Каждые сутки я ложусь отдыхать не евши и безо всякой одежды, так что дюже холодно. Напишите мне письмо за моего Степу, живой он или нет, просю вас досматривайте до него и напишите мне за него - засекается он еще или перестал, а также насчет чесотки в передних ногах, подковали его или нет? Просю вас, любезная мама Евдокия Федоровна, обмывайте ему беспременно передние ноги с мылом, которое я оставил за образами, а если папаша мыло истребили, так купите в Краснодаре, и бог вас не оставит. Могу вам описать также, что здеся страна совсем бедная, мужики со своими конями хоронятся от наших красных орлов по лесам, пшеницы, видать, мало и она ужасно мелкая, мы с нее смеемся. Хозяева сеют рожь и то же самое овес. На палках здесь растет хмель, так что выходит очень аккуратно; из него гонют самогон.

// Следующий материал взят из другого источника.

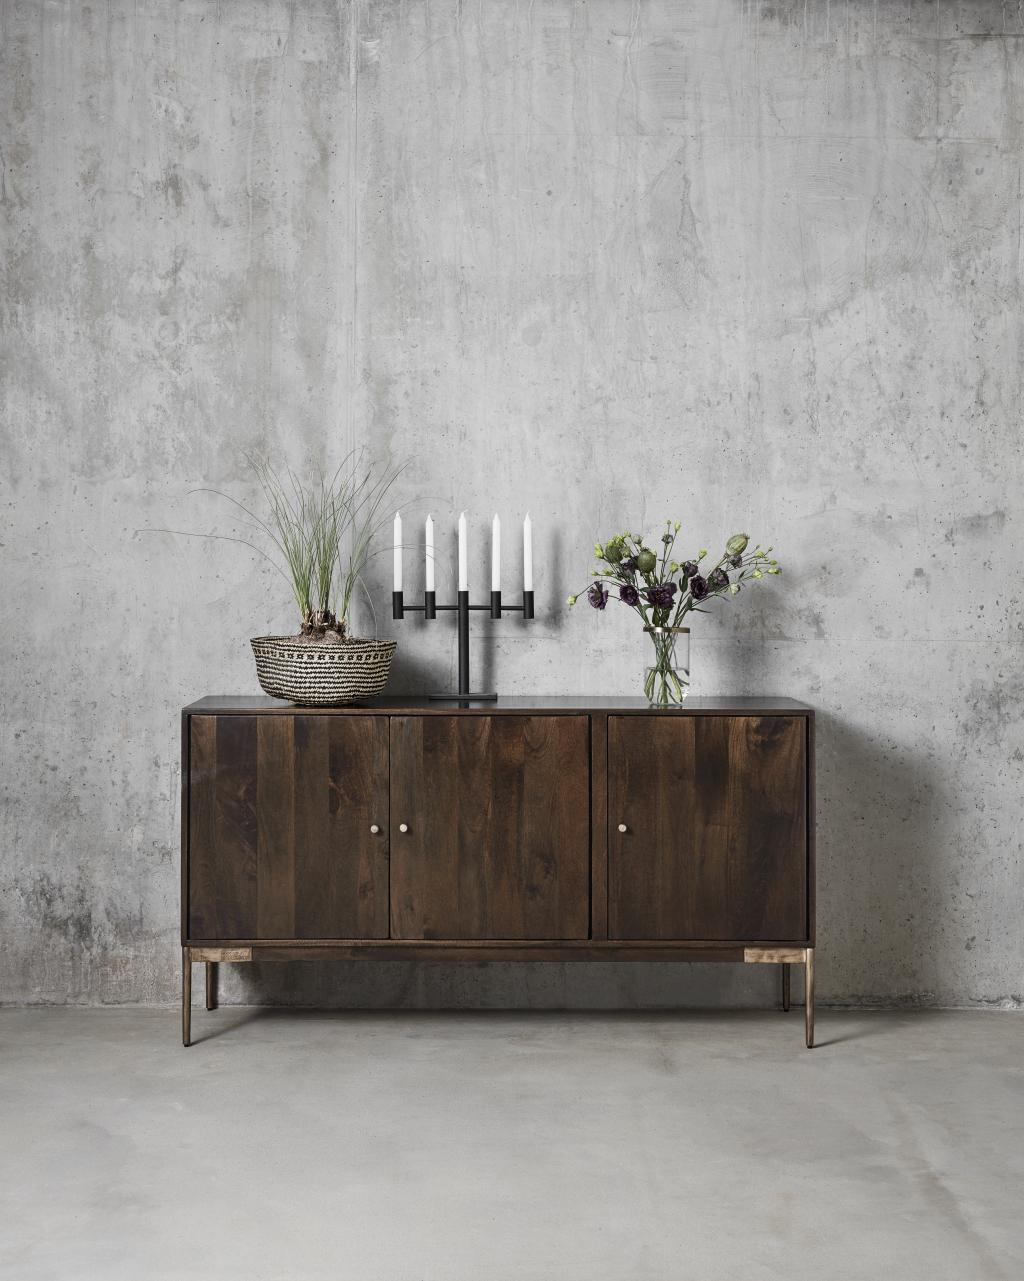 kerzenst nder metall schwarz 29x38 cm nordal. Black Bedroom Furniture Sets. Home Design Ideas

Во-вторых строках сего письма спешу вам описать за папашу, что они

порубали брата Федора Тимофеича Курдюкова тому назад с год времени. Наша красная бригада товарища Павличенки наступала на город Ростов, когда в наших рядах произошла измена. А папаша были в тое время у Деникина за командира роты. Которые люди их видали, - то говорили, что они носили на себе медали, как при старом режиме. И по случаю той измены, всех нас побрали в плен и брат Федор Тимофеич попались папаше на глаза. И папаша начали Федю резать, говоря - шкура, красная собака, сукин сын и разно, и резали до темноты, пока брат Федор Тимофеич не кончился. Я написал тогда до вас письмо, как ваш Федя лежит без креста. Но папаша пымали меня с письмом и говорили: вы - материны дети, вы - ейный корень, потаскухин, я вашу матку брюхатил и буду брюхатить, моя жизнь погибшая, изведу я за правду свое семя, и еще разно. Я принимал от них страдания как спаситель Иисус Христос. Только вскорости я от папаши убег и прибился до своей частитоварища Павличенки. И наша бригада получила приказание идти в город Воронеж пополняться, и мы получили там пополнение, а также коней, сумки,

наганы, и все, что до нас принадлежало. За Воронеж могу вам описать,

любезная мама Евдокия Федоровна, что это городок очень великолепный, будет поболе Краснодара, люди в ем очень красивые, речка способная до купанья.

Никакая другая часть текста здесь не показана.